December 9 2020  |  Catering

ACA, IFSA give update on joint catering standard to be released in early 2021

By Rick Lundstrom

Clockwise from left top, Ulrike Enneking, Sandra Pineau-Boddison, Stephen Kingsley, Vanessa Lindstrom and Adam Simmonson

Airline caterers can expect to move into the new year with determination and a new volume of standards with two associations set to launch a joint set of worldwide guidelines early next year.

The passion and resiliency to emerge from the pandemic came through in one of the final sessions of FTE APEX Virtual Expo. The panel discussion entitled Inflight catering evolution according to ACA & IFSA, focused on a new volume of COVID-19 catering guidelines that is nearly complete. Also, panelists discussed a shared determination that will be needed throughout the new year, as vaccinations roll out worldwide and the public gains more confidence to travel.

“It has been a devastating blow, but this is a very resilient business and it will come back,” said Stephen Kingsley, Executive Vice President – Strategic Development at Flying Food Group and the new President of the International Flight Services Association (IFSA).

The one-hour session was moderated by Sandra Pineau-Boddison, Partner at the Hayward Partnership. Other panelists were Ulrike Enneking, Vice President Quality at LSG Sky Chefs, Vanessa Lindstrom, Director Food Safety and Regulatory Compliance at United Airlines and Adam Simmonson, head of Compliance at dnata Catering United Kingdom.

The first half of the discussion was taken up with the detailed steps that were required to combine the Airline Catering Association’s COVID-19 ACA Guidelines, published in June, and the IFSA COVID-19 Preparedness Guidance for Airlines and Airline Catering, published a month earlier.

“When you are facing a global pandemic, you need a global response,” said Simmonson.

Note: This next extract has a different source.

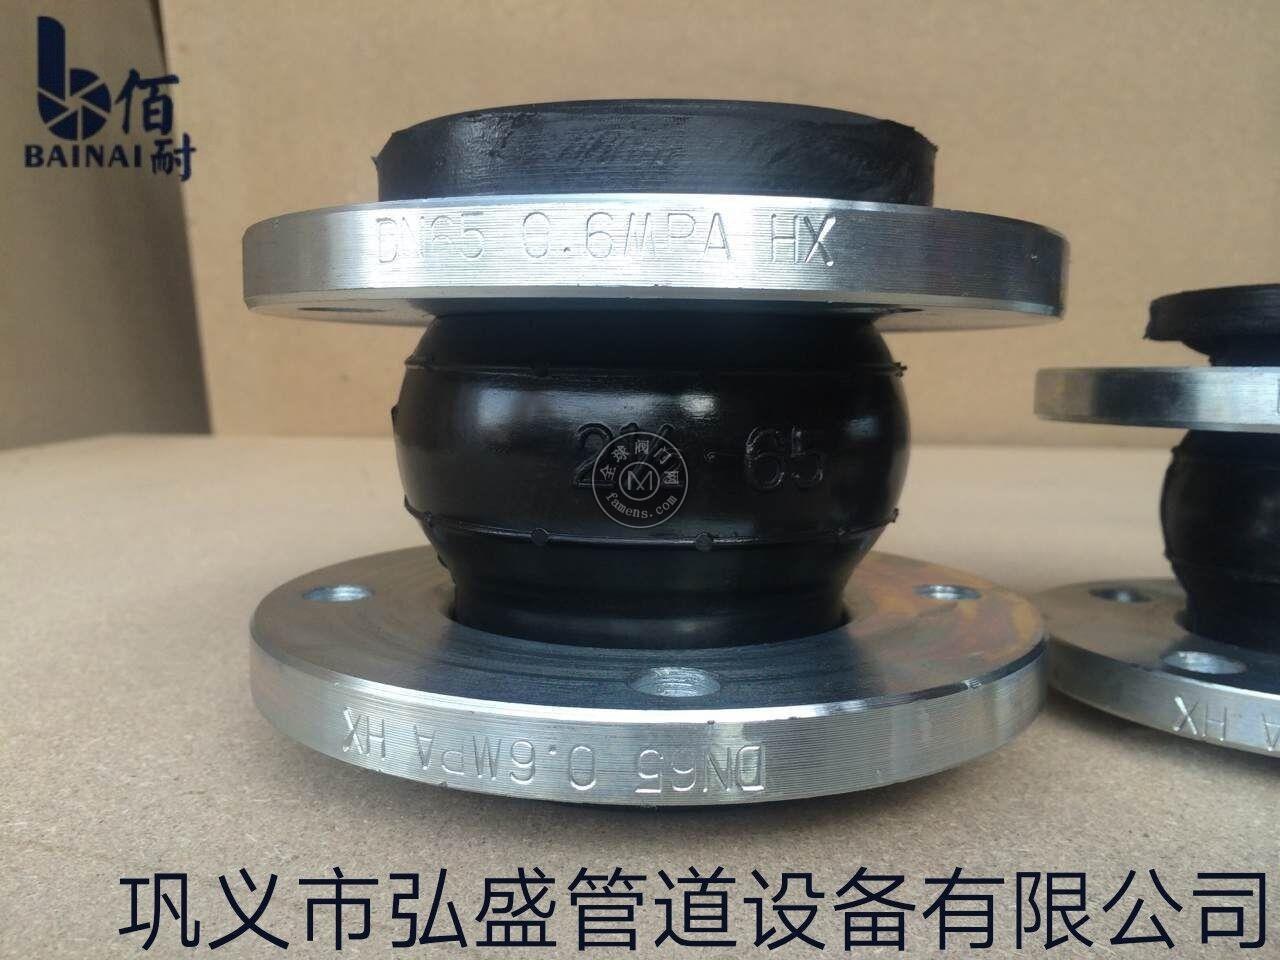 閥門伴侶佰耐可曲撓橡膠接頭 橡膠軟接頭 橡膠膨脹節

Enneking laid out the five-step approach to merge the documents for a worldwide audience and relevancy:

1 – Compare to find common logic among the guidelines

2 – Test how to merge the documents in the best way

3 – Identify the redundancies and eliminate items that were too specific to the United States

4 – Check recent audits, update the Pandemic Response 4P’s

5 – Create a new table of contents that defines the structure of the document

What emerged from the massive project by the two associations is a slimmer volume pared down to 28 pages from 71 and a patterned guideline that fits catering scenarios around the world. The new joint standard is due to be released in January 2021, Ulrike said.

“That is when we do our best work, when we bring all our ideas to the table,” Lindstrom added.

As the industry moves into a new year, and air travel slowly comes back, two of the most important points of focus will be a generic “pandemic plan” and a strategy for “business continuity” that can see the industry through another crisis, the panelists agreed.

“We are going to face something like this again, and I think it was a wake-up call for all of us,” said Kingsley. “Business travel and leisure travel is coming back, and it will be a vibrant industry once again.”